I’m not yet back to full-blown quasi-daily blogging.  But I couldn’t resist this all the same.

Edit: I am embarrassed to admit that I used the wrong terminology in the first version of this entry.  I said “discrete graph” for null graph.  Whoops.

I recently learned about a version of Ramsey’s theorem in combinatorics:

Let $m \in \mathbb{N}$.  There is $r$ such that if $G$ be a graph with more than $r$ vertices, then $G$ contains either a null subgraph of size $m$ or a complete subgraph of size $m$.

One of the interesting applications of model theory is that this (finitary) version of Ramsey’s theorem can be proved using the simpler infinite Ramsey theorem.  There are other such applications, e.g., using the regular Nullstellensatz to prove one with bounds on the coefficients.  The idea is similar to the theorem of Robinson that a sentence of first-order logic holding in fields of characteristic zero must hold in fields of all but finitely many characteristics.   All this abstract nonsense (OK, it’s not technically category theory, but it has the same feel) deserves its own post at some point.

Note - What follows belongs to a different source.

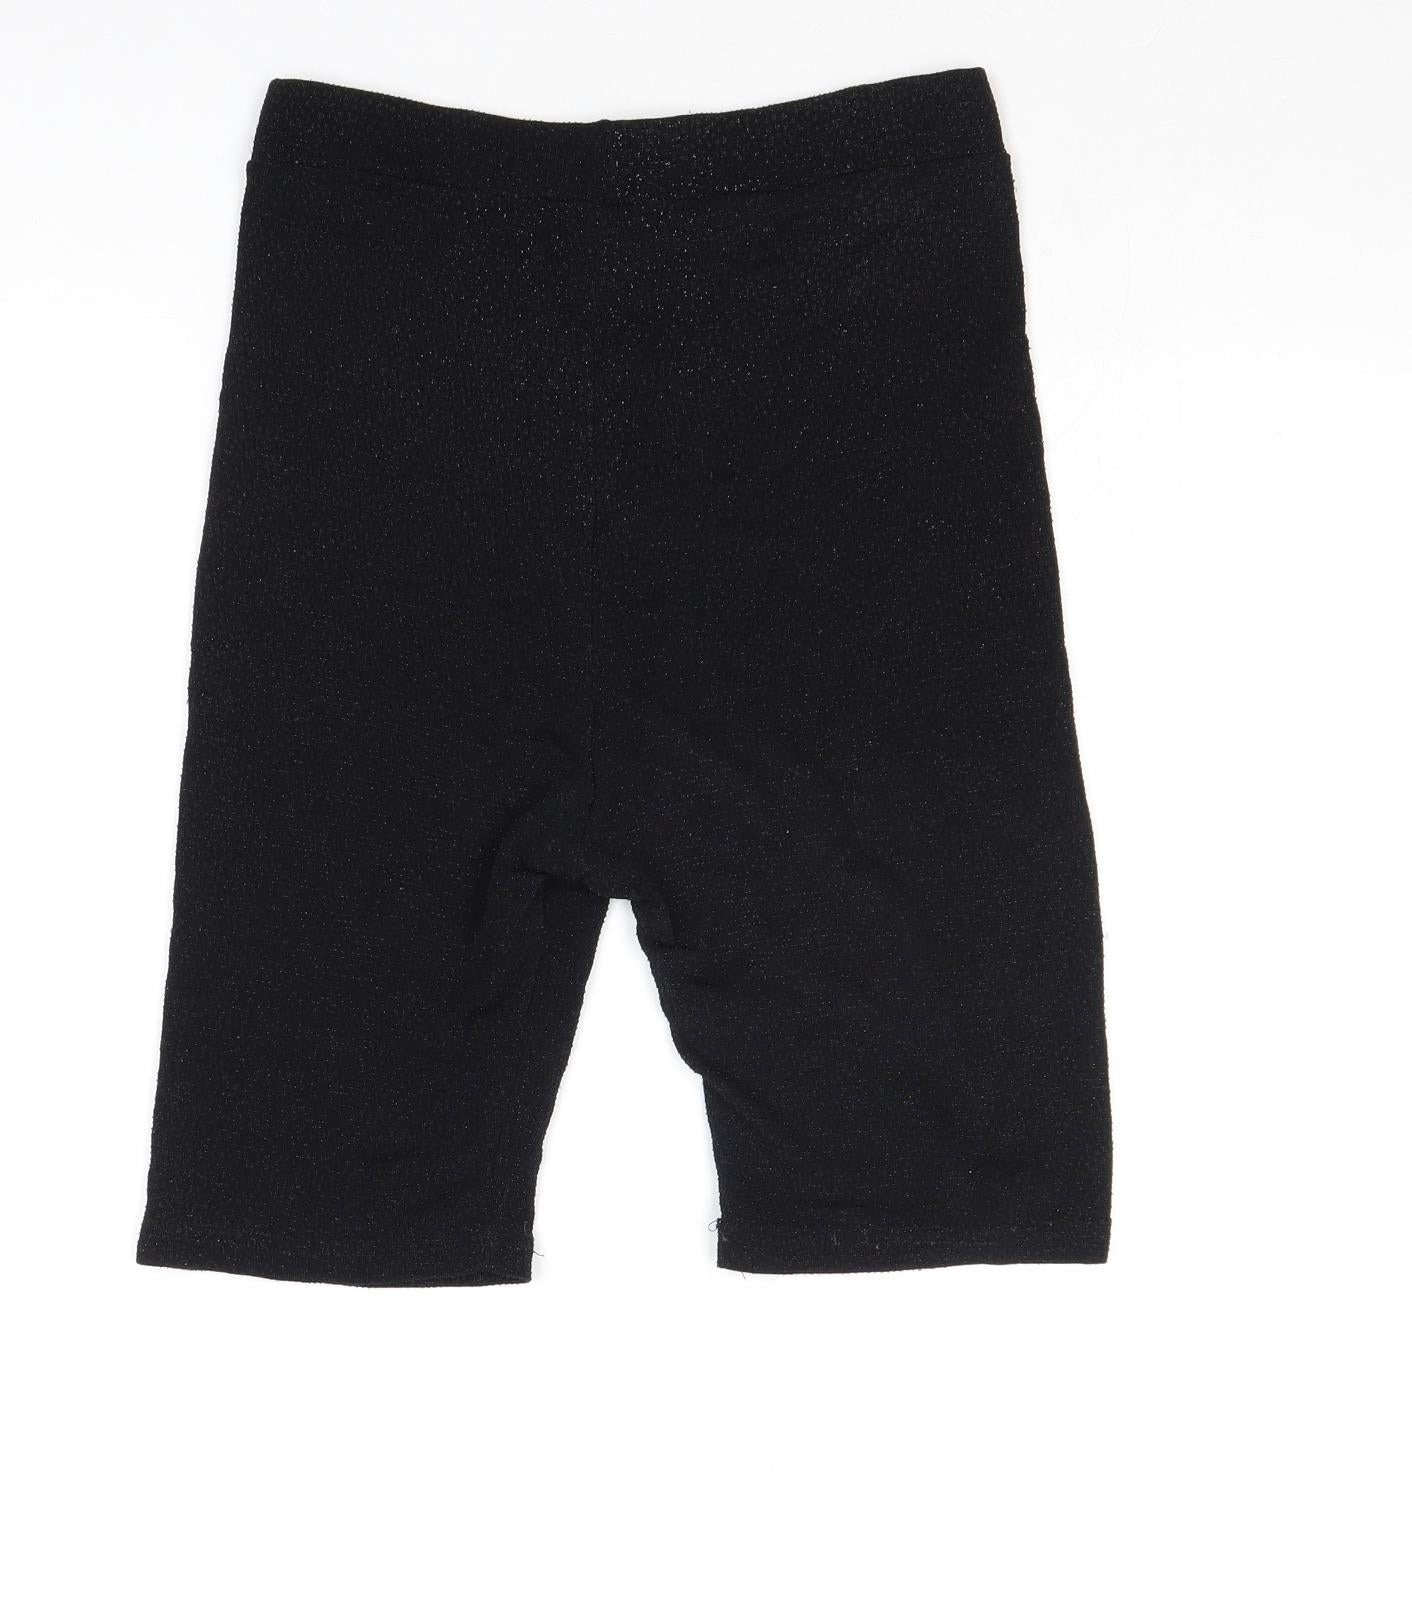 Urban Outfitters Womens Black Polyester Compression Shorts Size M Regular Pull On

I don’t have time for a full post that explains all this, but I found the infinite Ramsey theorem an interesting problem in itself.

Let $G$ be an infinite graph.  Then $G$ contains either an infinite complete subgraph or an infinite null subgraph.

To prove this, let $V_{fin}$ be the collection of vertices that are connected to only finitely many other vertices.

1) If $V_{fin}$ is infinite, we may construct a null subgraph is follows.  Choose $v_1 \in V_{fin}$; then choose $v_2 \in V_{fin}$ not one of the finitely many points connected to $v_1$; then $v_3 \in V_{fin}$ not connected to $v_1, v_2$.  The infiniteness of $V_{fin}$ allows this process to continue indefinitely.

2) If $V_{fin}$ is finite, we may assume wlog that for any infinite subgraph $G' \subset G$, the analogous set $V'_{fin}$ is finite (or we could use the previous reasoning applied to $G'$).   Now choose $v_1 \in V - V_{fin}$, which is connected to infinitely many vertices that form a subgraph $G_1$; then each vertex of $G_1$ is connected to $v_1$.  Also, because $V^1_{fin}$ (the analog of $V_{fin}$ for $G_1$) is finite, we can choose $v_2 \in G_1$ connected to infinitely many points of $G_1$.  Then define $G_2 \subset G_1$ to be the subgraph of $G_1$ consisting of points connected to $v_2$.  Repeating this process, one obtains an infinite sequence $v_1, v_2, \dots$ such that $v_n$ is connected to $v_1, \dots, v_{n-1}$ (by virtue of belonging to $G_n \subset G_{n-1} \subset \dots \subset G_1$), which is thus a complete subgraph.